Part of the fun is we know it’s not real (barring a Grace Kelly). It’s just an imaginative romp. Just a fantasy.
But here we have an America with some issues, as people say. There is an obesity epidemic (nothing against chili cheese fries). Wall Street and the banks have turned to gambling (nothing against Las Vegas). The school system is falling behind those heretofore also-rans Singapore and Hong Kong (who?).
We seem to be in a permanent war with the people of the Middle East (where?). Students regularly stroll into schools and kill people (what were they thinking?). Average Americans have exactly the same income they had in 1910 (well, maybe not that bad). And roads and bridges all over the place are crumbling (mind the gap).

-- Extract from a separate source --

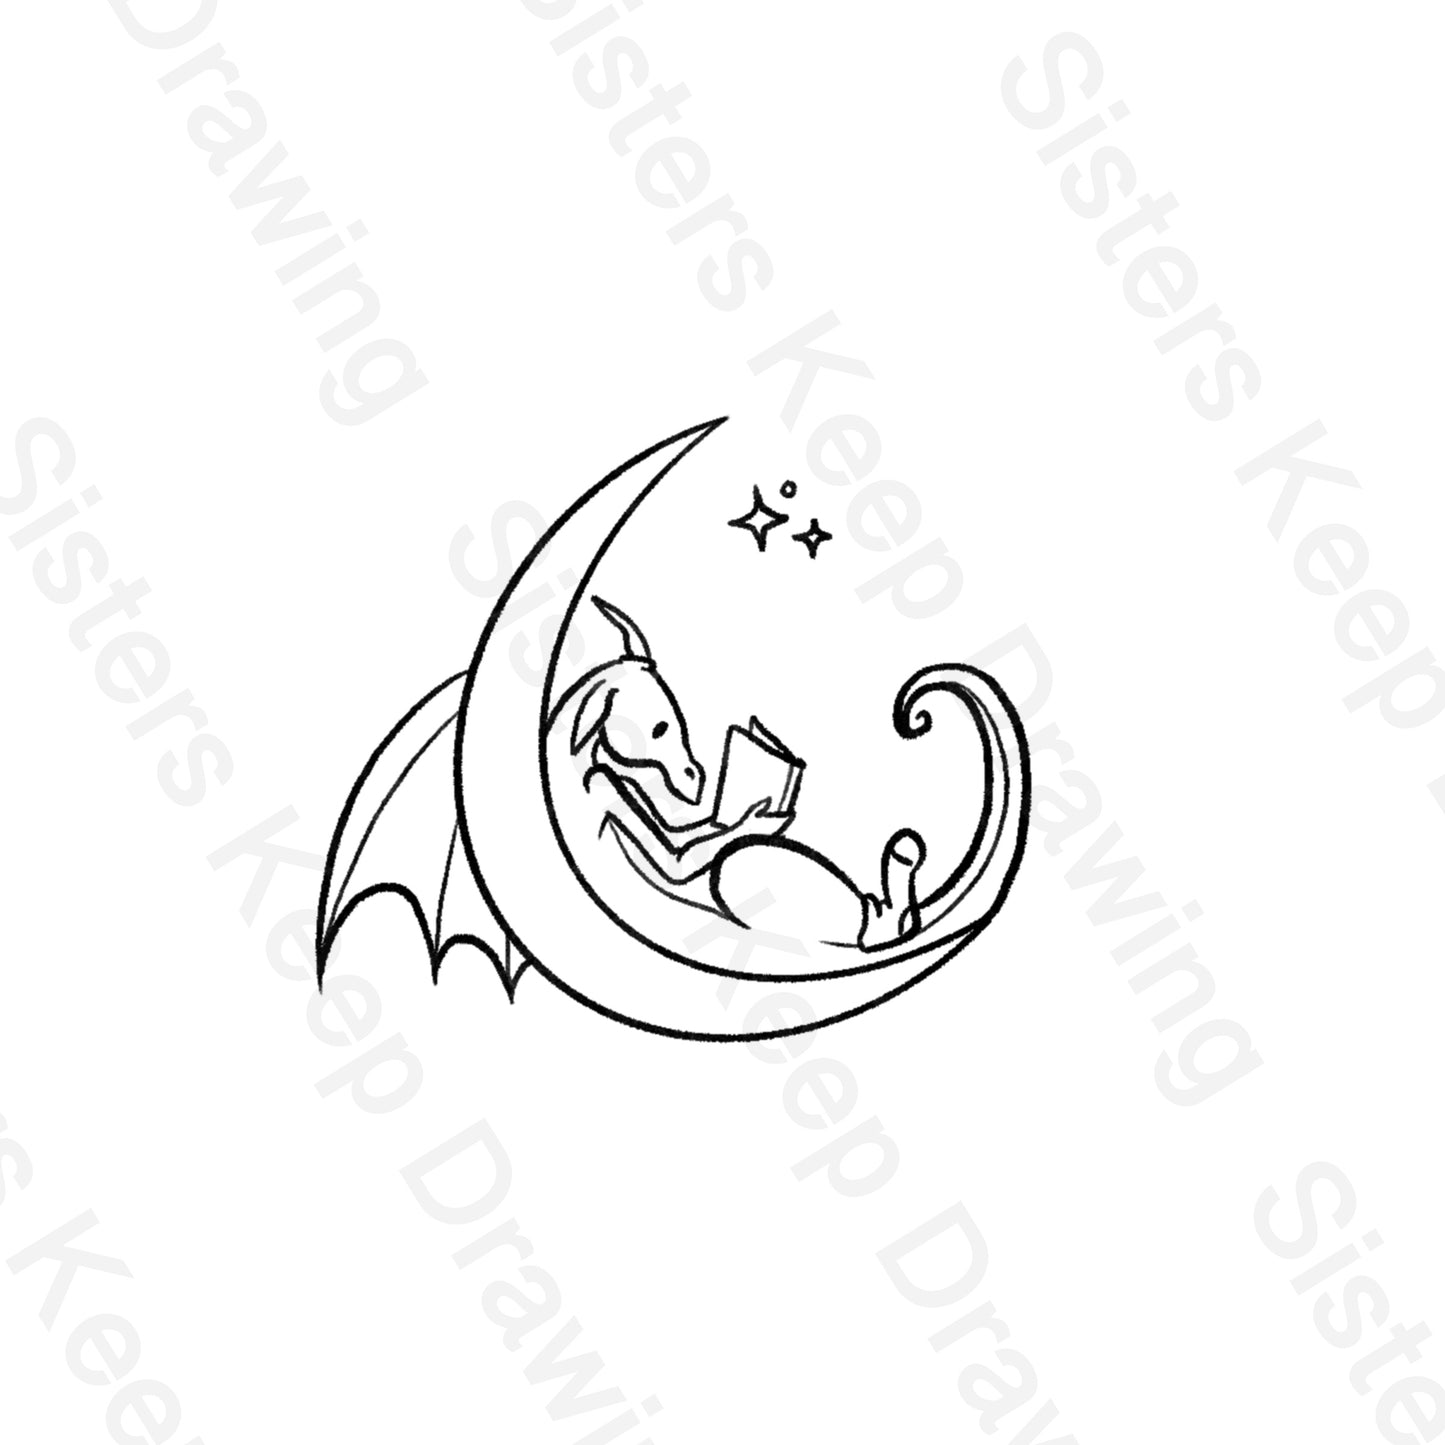 Tiny Dragon reading on the moon -Tattoo Transparent Permission PNG- instant download digital printable art

Anyway, as they say on “Seinfeld,” Where is everyone? Where is the shock? Where are the cries for accountability? Where are the task forces? Where are the solutions?
The core of addictions is creating pleasurable experiences (enjoyable fantasies) as a means of avoiding painful experiences, like fixing problems. That avoidance can be in drugs, alcohol and food, but also phones, computers, games, television, tabloid news and movies. A key difficulty with addiction is that actual problems, actual realities, are ignored over and over in favor of the fantasies — right up to a serious crisis.
Is it we are getting lost in addictions?
Dr. Steve Davidson
Newport Beach
The writer is a clinical psychologist.